Each variable could lead down a research trail.
1. What factors might have changed with a recipe doubling? How much can a recipe be scaled up before its characteristics change?
2. Can the recipe be held under refrigeration at stage before coating?
The answers to 1 and 2 could help address whether or not largescale POP production is feasible.
Do any of the papers have components that fog emulsion? If an offending component can leach out of the paper, can it be soaked out before coating to make the paper safer to coat on?
If a paper has a component which potentially causes fog, could it cause the deterioration of a print over time?

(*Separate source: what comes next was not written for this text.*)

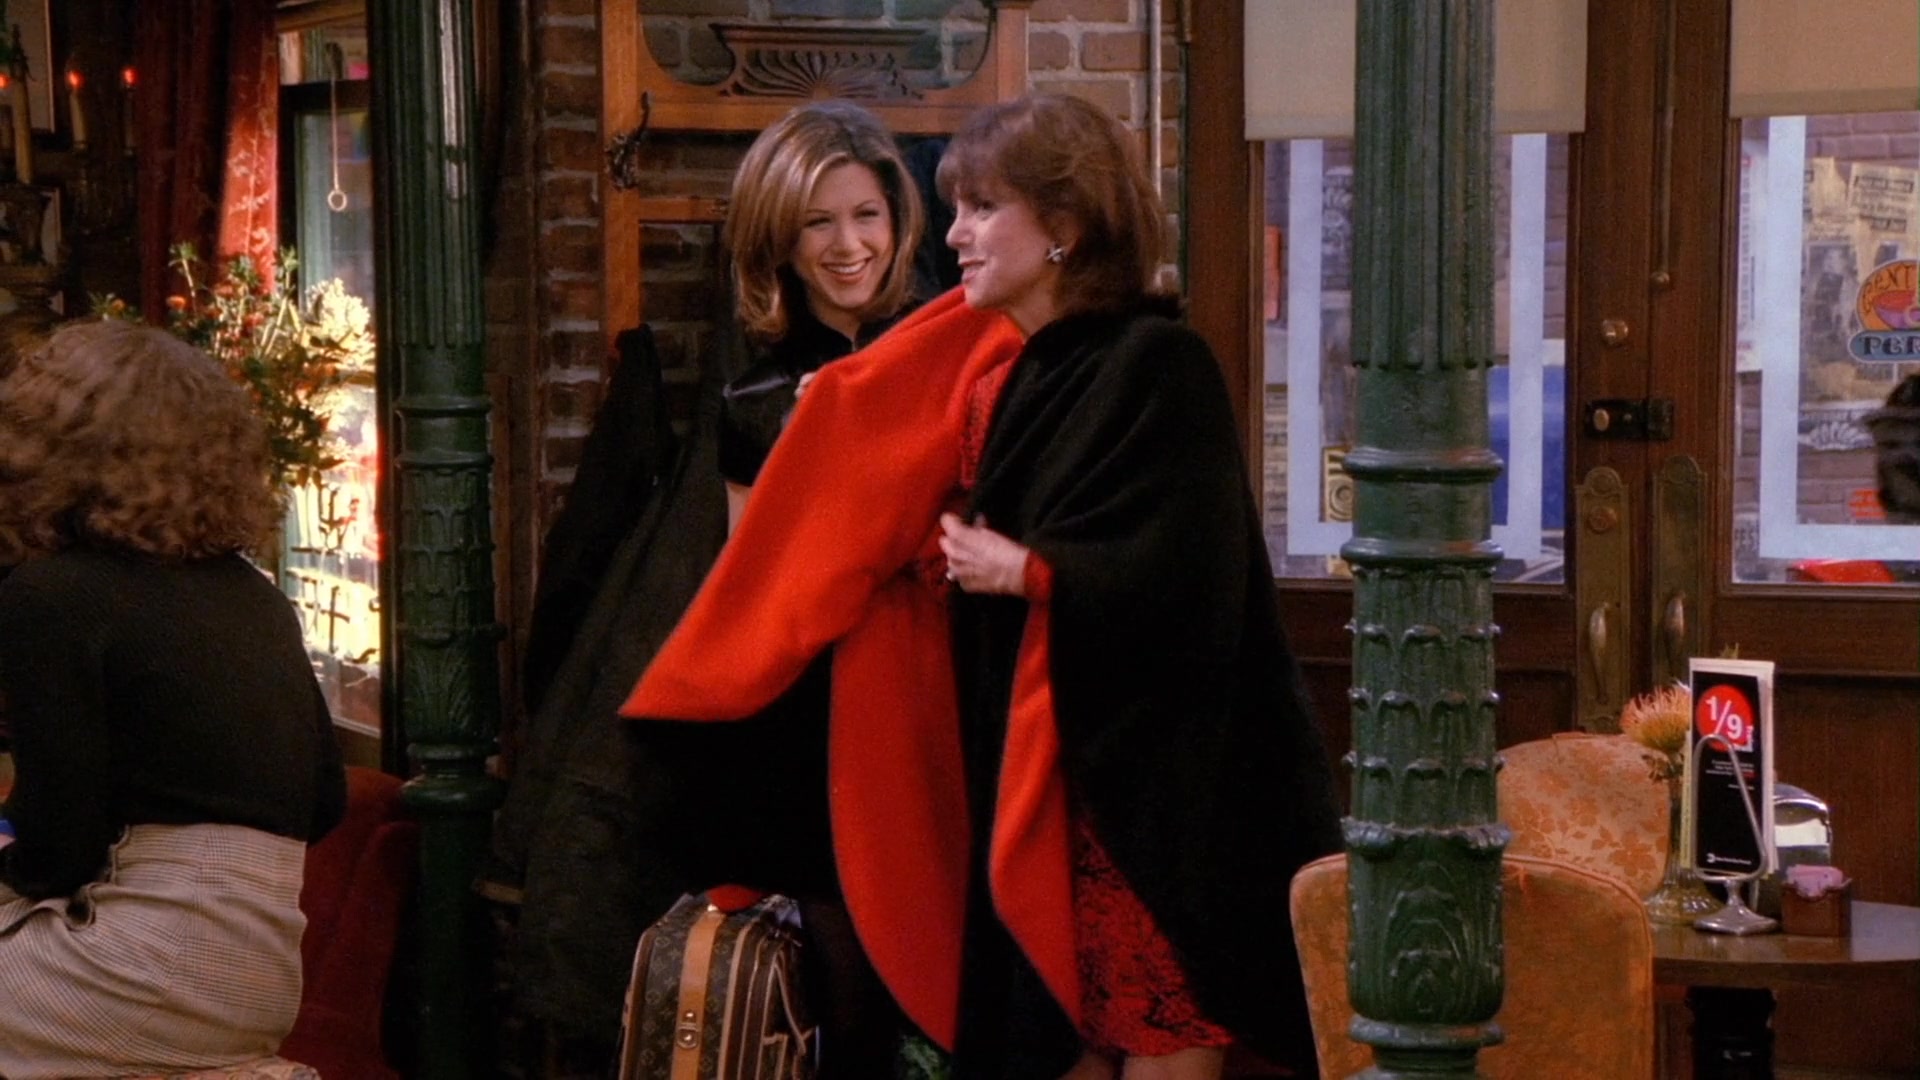 Louis Vuitton Handbag Used By Jennifer Aniston (Rachel Green) In Friends  Season 10 Episode 18 “The Last One Part 2” (2004)
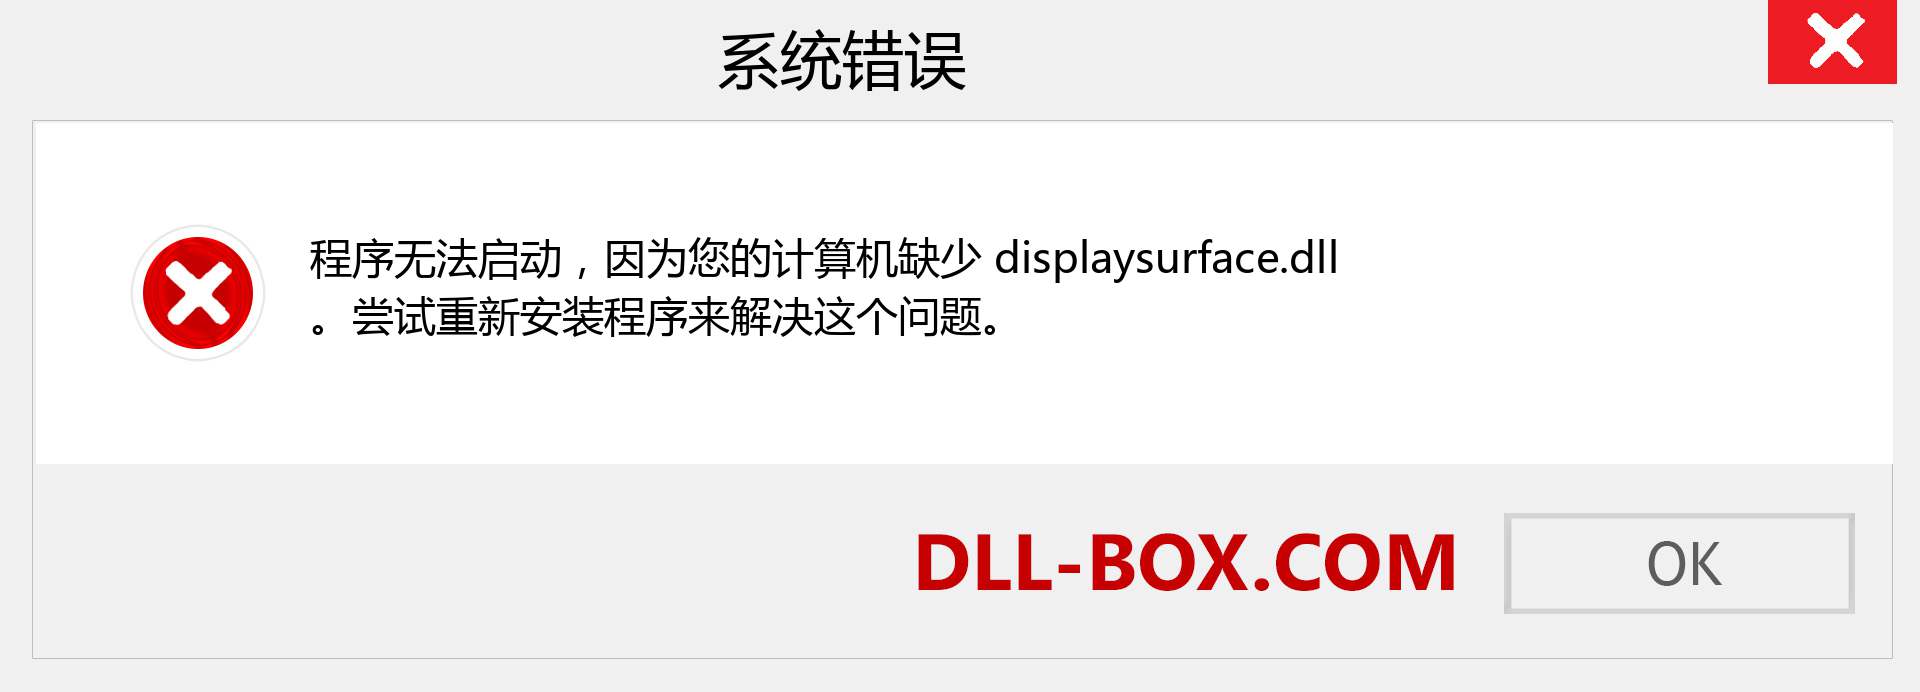 displaysurface.dll 文件丢失？。 适用于 Windows 7、8、10 的下载 - 修复 Windows、照片、图像上的 displaysurface dll 丢失错误

Ripening time is a key emulsion variable. At a specific time/temperature an emulsion reaches it's peak speed. Beyond that point the emulsion can (and usually does) start to fog. The aspirational goal is to ripen right up to top speed and no further. With paper, speed is far less an issue than a clean (completely unfogged) emulsion. What is often overlooked is that ripening continues after coating. It slows down after the emulsion is dry but never really stops. Some emulsions fog much sooner in storage than others. POP is notorious for a short storage life. When I both over-ripened the emulsion before coating and then dried the paper in a very warm room, I almost certainly contributed to the fog. There are several questions generated.
What are the time and temperature of ripening end points for a successful POP emulsion?
Are they different for different POP recipe formulations?
Could reducing the time and/or temperature of the emulsion ripening result in longer dry paper storage life?